The Parable of the Rich Fool in Luke 12:13-21 is just one example.  Is there a way to approach this text that honestly names the issues around wealth, greed, and family tensions while also rooting deeply in a conversation about who God is, how we live in community together, and how our faith manifests within these issues? [For a deep dive on the Bible and money, check out Walter Breuggemann’s book Money and Possessions.]

preaching in the purple zone

In my book Preaching in the Purple Zone: Ministry in the Red-Blue Divide (Rowman & Littlefield, 2019), I suggest using a “dialogical lens” for reading and interpreting scripture.  [You can read about the 6 Steps for Using a Dialogical Lens here.] Such a lens can open up doors for deeper reflection and discussion after the sermon is over.  Let’s see how we might approach the Parable of the Rich Fool using a “dialogical lens.”  As a quick review, here are the 6 steps:

Six Steps for Using the Dialogical Lens

  • Point out the dialogical aspects of the passage.
  • Determine what’s at stake.
  • Identify the values.
  • Explain how God, Jesus, and/or the Holy Spirit is active.
  • Recognize what the dialogue is teaching us.
  • Suggest possible next steps.

The Parable of the Rich Fool in Luke 12:13-21 is a great text to work with using the dialogical lens because it contains layers of conversation between Jesus and his listeners.  And these conversations have ramifications for us today in our personal lives, congregations, and society as a whole.

Here are some suggestions and questions to consider about the Parable of the Rich Fool as we take these six steps in turn:

1. Point out the dialogical aspects of the passage.  

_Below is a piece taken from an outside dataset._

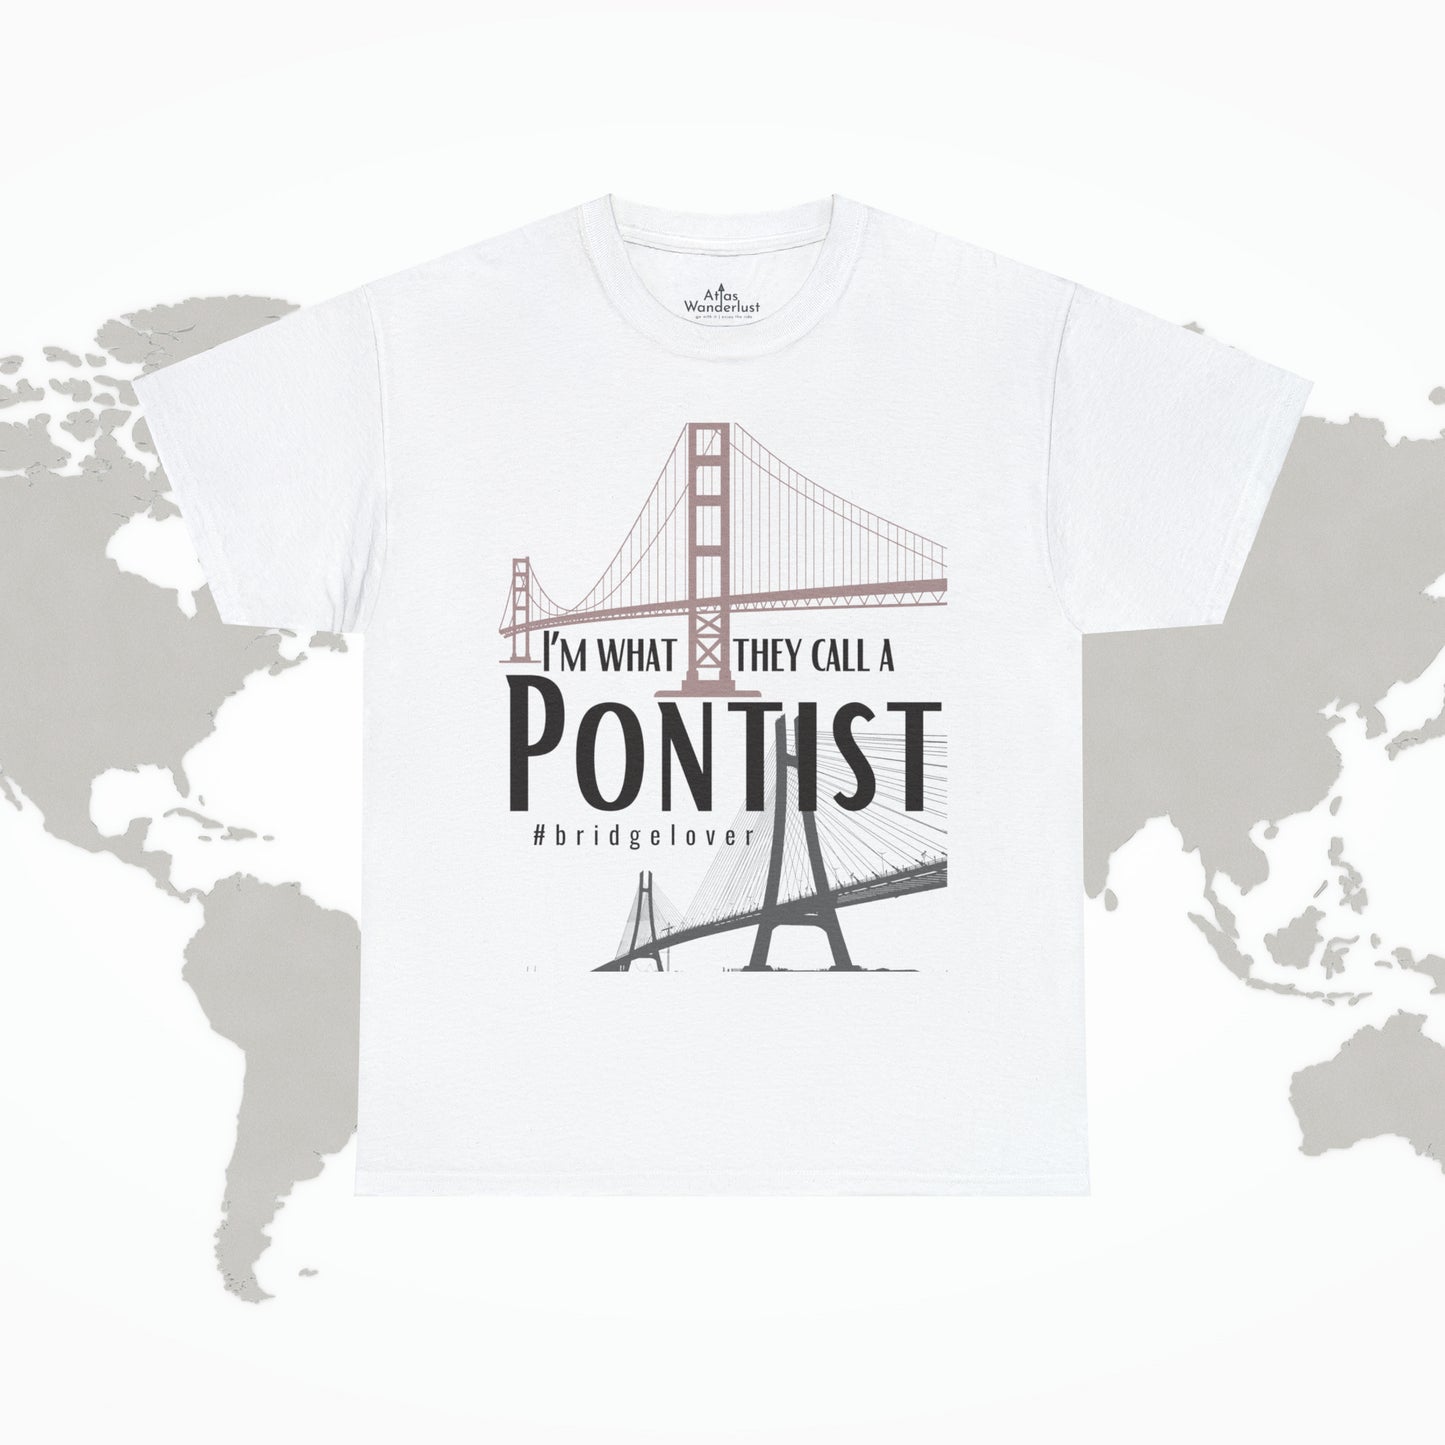 I’m What They Call a Pontist T-Shirt, Bridge Lover's Tee

Think about who is in the vicinity of the discussion Jesus is having with the man and the crowd. Back up and start reading at Luke 11:37 all the way through to this passage – you’ll see who else is listening to this dialogue Jesus is having.  (Hint: This encounter with the man asking Jesus to intervene in a family dispute about inheritance is taking place within earshot of two groups – “the crowd” and the Pharisees. How are each of them impacted by what Jesus has to say?)

2. Determine what’s at stake.  

Jesus is hitting some “hot topics” in this passage, including wealth distribution, sibling rivalry and family conflict, family inheritance, and property ownership. Which of these are impacting the lives of your congregation and community?  And which are the ones that your congregation may be hesitant to discuss?  What may be the reasons for this hesitation?

3. Identify the values.  

On a personal level, in what ways does money symbolize what we value? Is it independence and self-reliance?  The ability to exercise personal agency? The capacity to make choices and form one’s identity?  Is it a manifestation of our sense of security?  What does it mean to have “enough”?

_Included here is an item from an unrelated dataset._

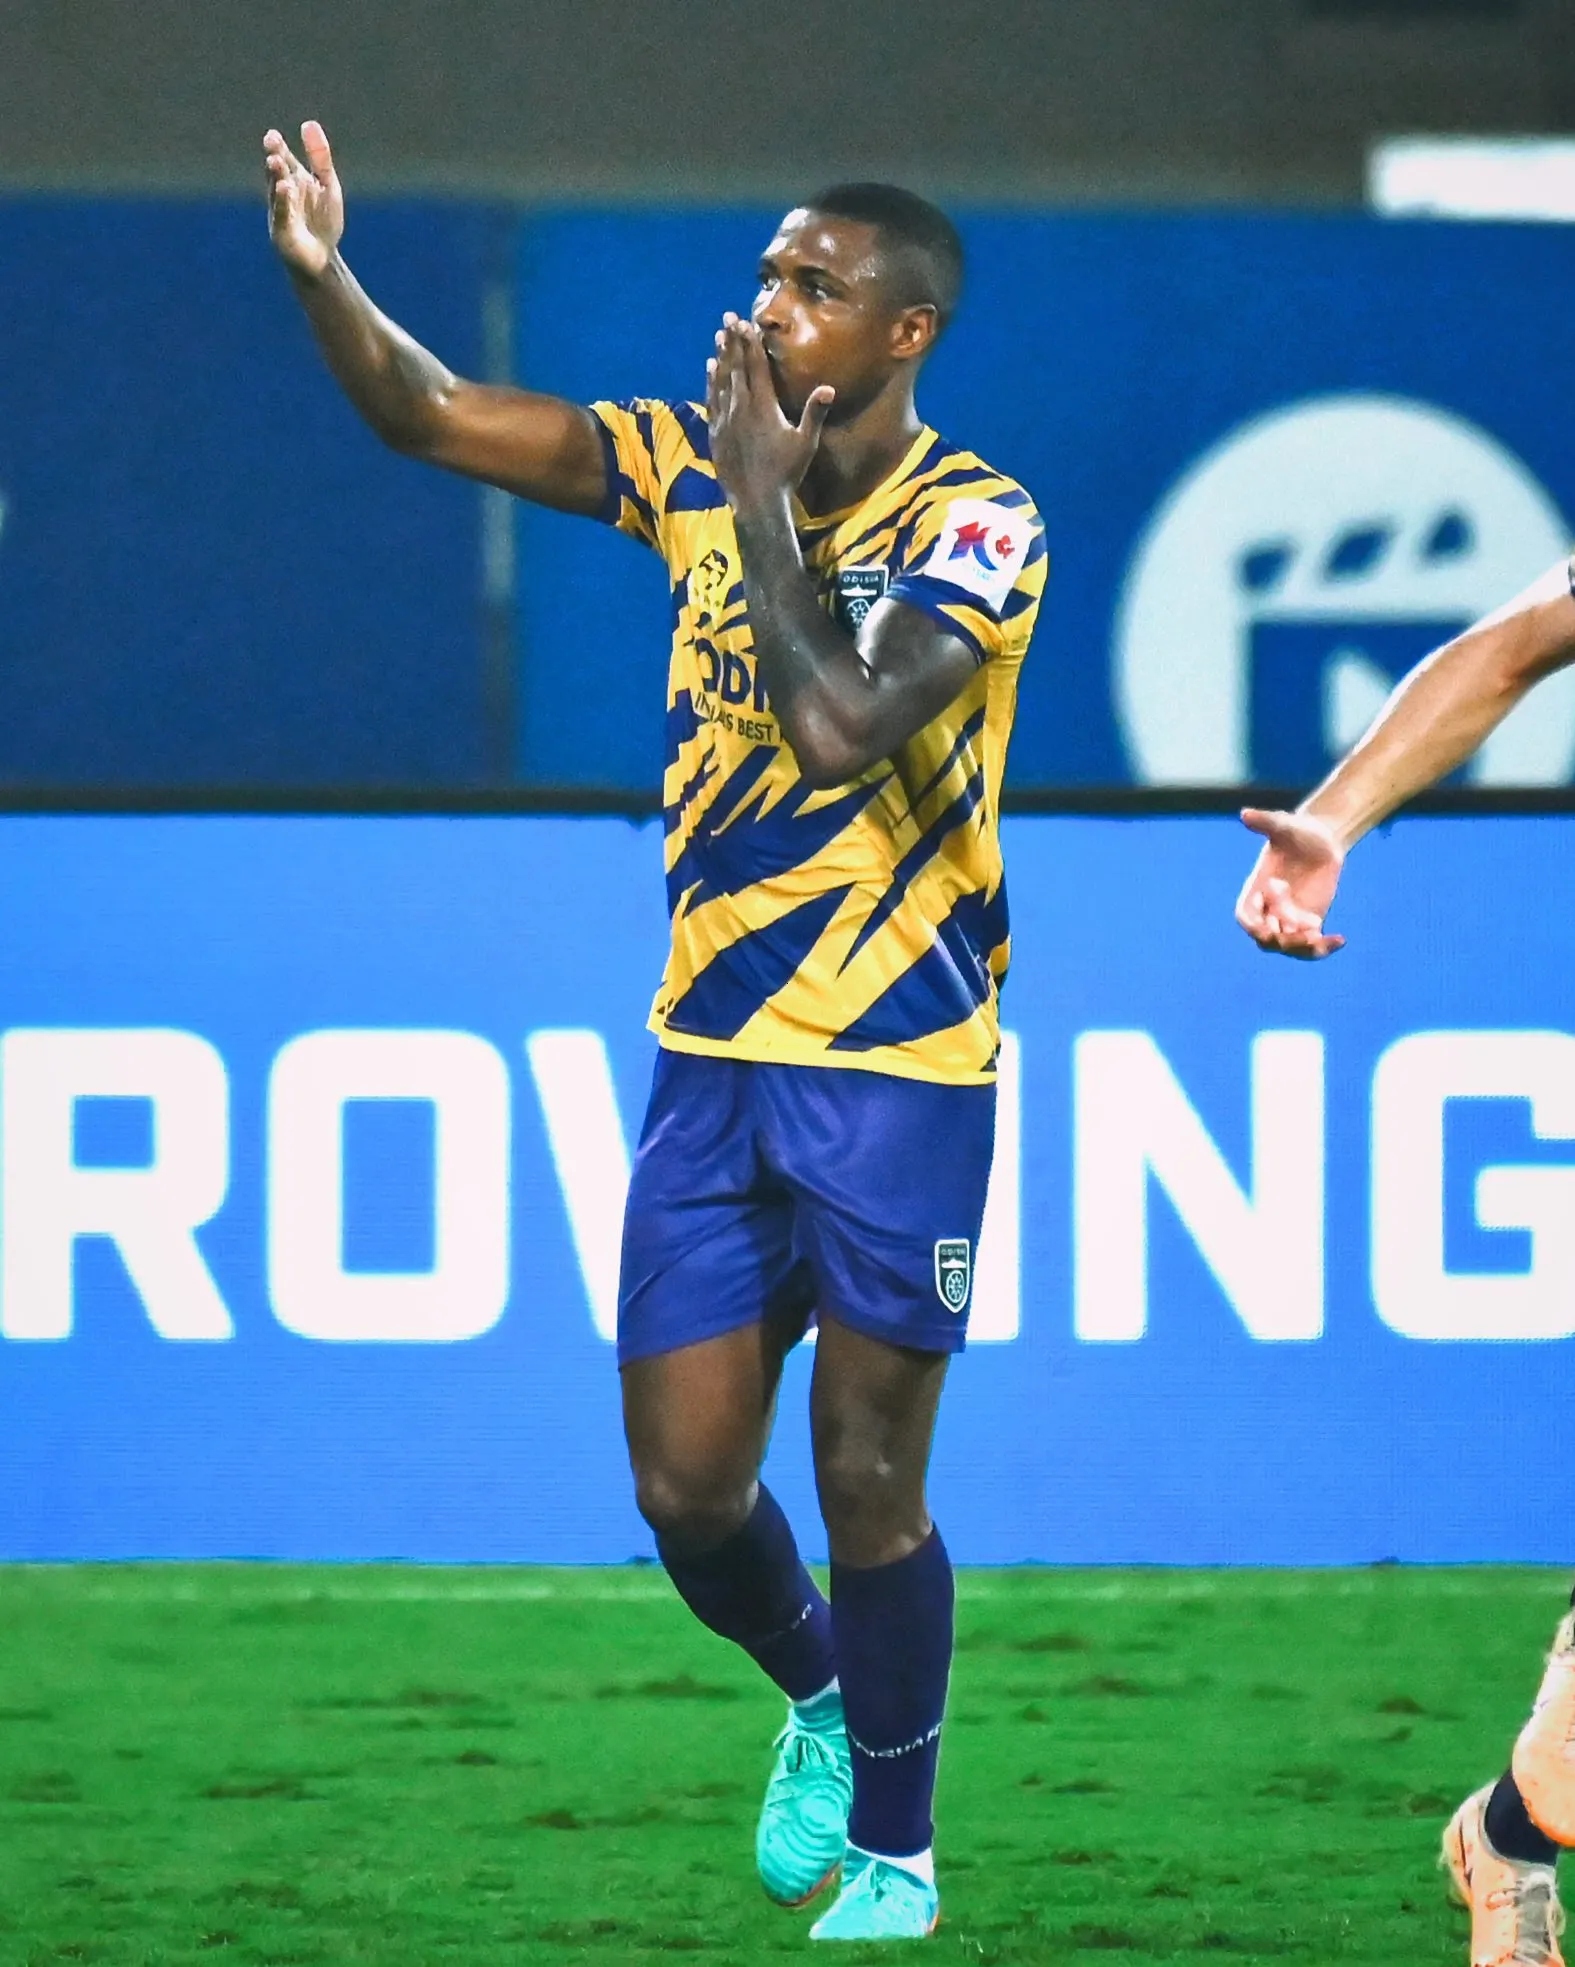 Diego Mauricio after scoring the goal against East Bengal  Image | Odisha FC

Yet, this passage is addressing not just personal greed, but economic inequality and injustice. In the larger context of Jesus’ discourse, we see that the hoarding of wealth by the rich has a detrimental effect on the whole community.  How do you see this reality manifesting in your own community?  In our country?  Globally?

4. Explain how God, Jesus, and/or the Holy Spirit is active.  

What is Jesus modeling for us in his engagement on these topics? What can we learn about how the issues of greed, economic inequality, wealth distribution, and family conflicts impact our relationship with God?  With each other?  Within our local community? In relation to the national policy discussions that are affecting us all?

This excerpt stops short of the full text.